Venezuela arrests opposition mayor accused of coup plot
Venezuela arrested opposition leader and Caracas metropolitan mayor Antonio Ledezma on Thursday in a move the government said was needed to halt a U.S.-backed coup plot but foes decried as tyranny.
Intelligence agents took the 59-year-old veteran politician from his office in the banking district of Caracas after breaking down doors and firing shots in the air, witnesses said.
“I just saw how they took Ledezma out of his office as if he were a dog,” wrote opposition legislator Ismael Garcia via Twitter. “They broke down the doors without an arrest warrant.”
The arrest comes a year after the outbreak of opposition protests calling for President Nicolas Maduro’s resignation that rocked the OPEC nation and sparked violence killing 43 people.
Protesters and security forces have clashed sporadically around that anniversary, while a shrinking economy and chronic product shortages have sent Mr.
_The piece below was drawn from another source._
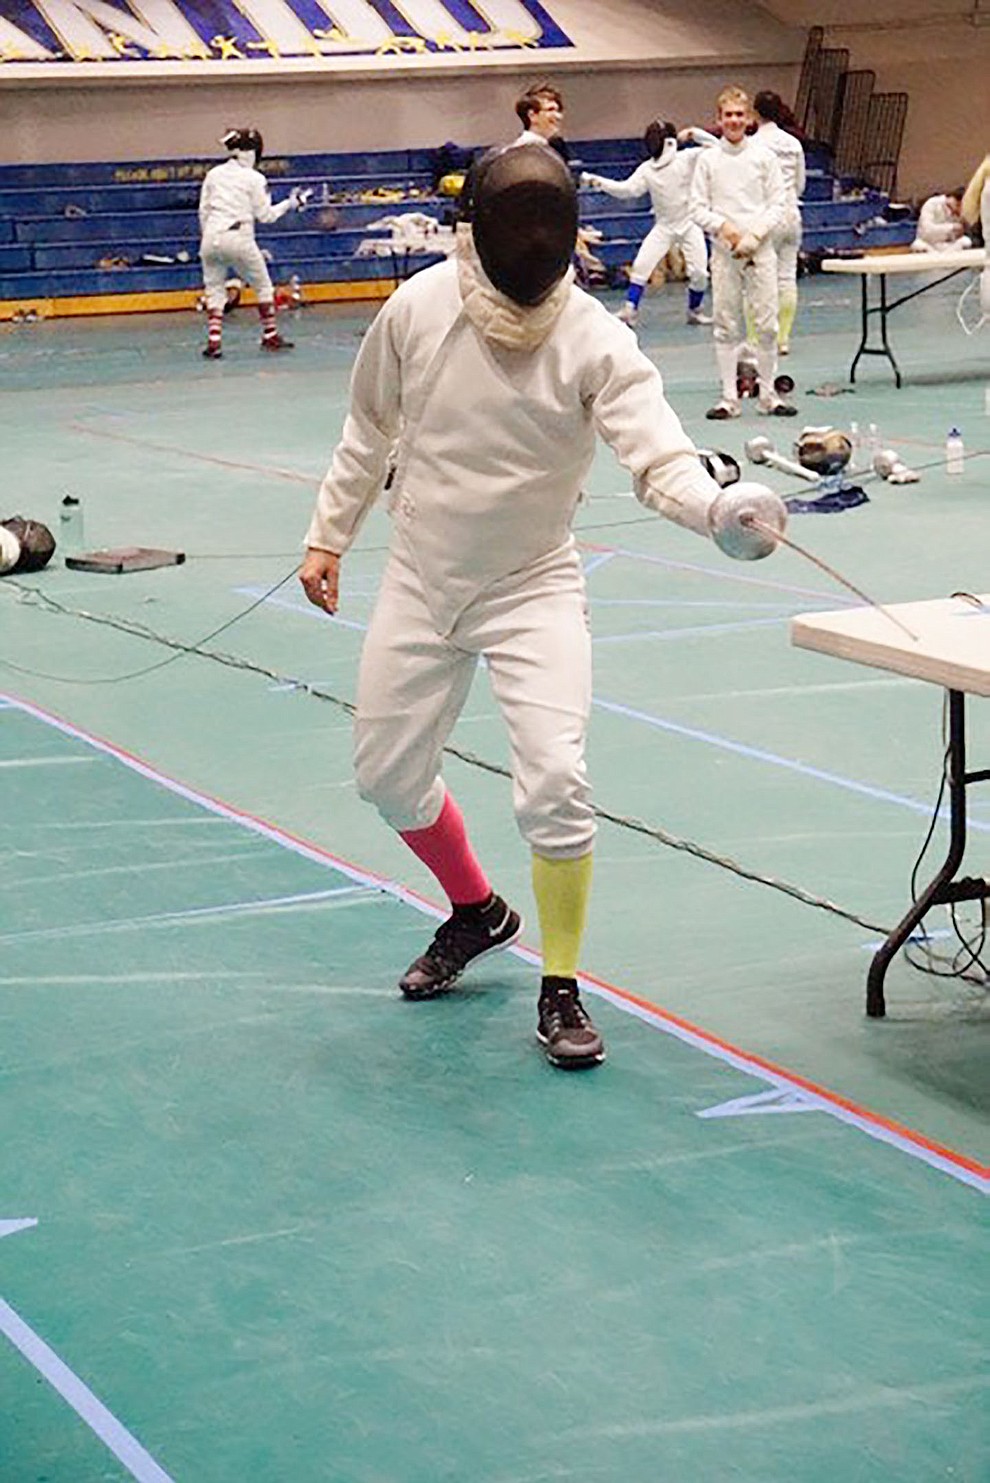 Braden Wiegand-Shahani of Salle d’Escrime of Prescott competes during the 25th Annual Prescott Fall Fencing Tournament at Prescott High School on Sunday, Sept. 1, 2019. (Aaron Valdez/Courier)

Maduro’s popularity tumbling.
His government in recent days said dissident air force officers had been planning to topple Mr. Maduro in league with opposition leaders and the United States. Officials cited an opposition document signed by Mr. Ledezma that called for a “national transition” as evidence he was involved.
Mr. Ledezma’s wife and aides said late on Thursday they did not know his whereabouts or what he might be charged with.
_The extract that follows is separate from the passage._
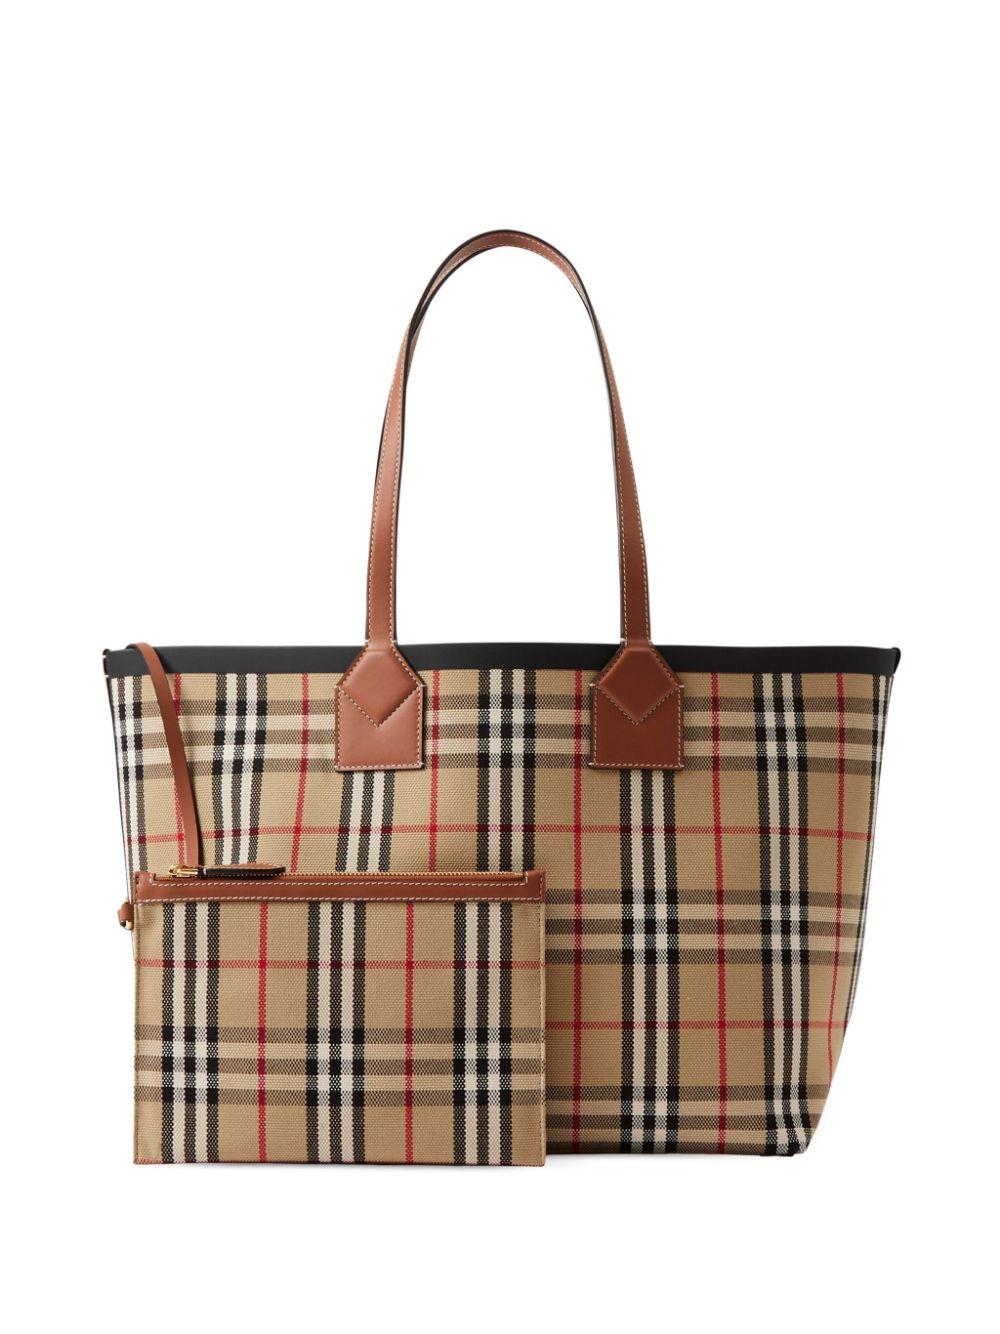 biologisch Opschudding Stal Burberry Medium London Check-pattern Tote Bag in White | Lyst

Opposition leaders including two-time presidential candidate Henrique Capriles gathered at an intelligence detention centre, known by some as “The Tomb,” to demand his release.
In a live broadcast, Mr. Maduro accused Mr. Ledezma of links to an effort to topple the socialist government.
“On the orders of state prosecutors, he was captured and will be processed by the Venezuelan justice system for crimes committed against the peace of the country,” the President said during a meeting with supporters at the presidential palace.
Radical opposition wing
Mr. Ledezma joined the radical wing of the opposition in calling for “La Salida” or the “The Exit” of Mr. Maduro during the 2014 protests. Twice elected mayor, he was steadily stripped of many of his powers by late socialist leader Hugo Chavez.
Upstaged by younger opposition leaders, Mr. Ledezma is not seen as a future leader or even a standard-bearer of the opposition movement. Government supporters dub him “The Vampire” and mock him as an ageing dinosaur.
Mr. Maduro frequently denounces alleged coup plots by opposition leaders, usually without presenting much evidence. His predecessor, Hugo Chavez, survived a brief coup in 2002 amid protests supported by Mr. Ledezma among other opposition leaders.
Following Mr. Ledezma’s arrest, Twitter users reported small street demonstrations in an upscale part of Caracas that was a centre of protests last year.
Economic conditions have worsened since the 2014 protests, with tempers flaring in long supermarket lines as shoppers struggle to track down staples such as detergent, milk and chicken.
Tumbling oil prices have left the OPEC nation struggling to meet its budget needs amid bulging foreign debt payments. The government launched a currency devaluation of almost 70 per cent last week, spurring outrage among opposition critics.
Colombian news station NTN24 showed a video of what it called the detention of Mr. Ledezma. The images showed nearly a dozen troops clad in flak jackets and camouflage uniforms ushering him toward an elevator.
Reuters could not independently confirm the video.
Washington, which endorsed the 2002 coup against Chavez before backtracking when he returned to power, has repeatedly denied any attempts to destabilize the Maduro government.
“The United States is not promoting unrest in Venezuela nor are we attempting to undermine Venezuela’s economy or its government,” the U.S. State Department said in a statement on Thursday. “We remain Venezuela’s largest trading partner.”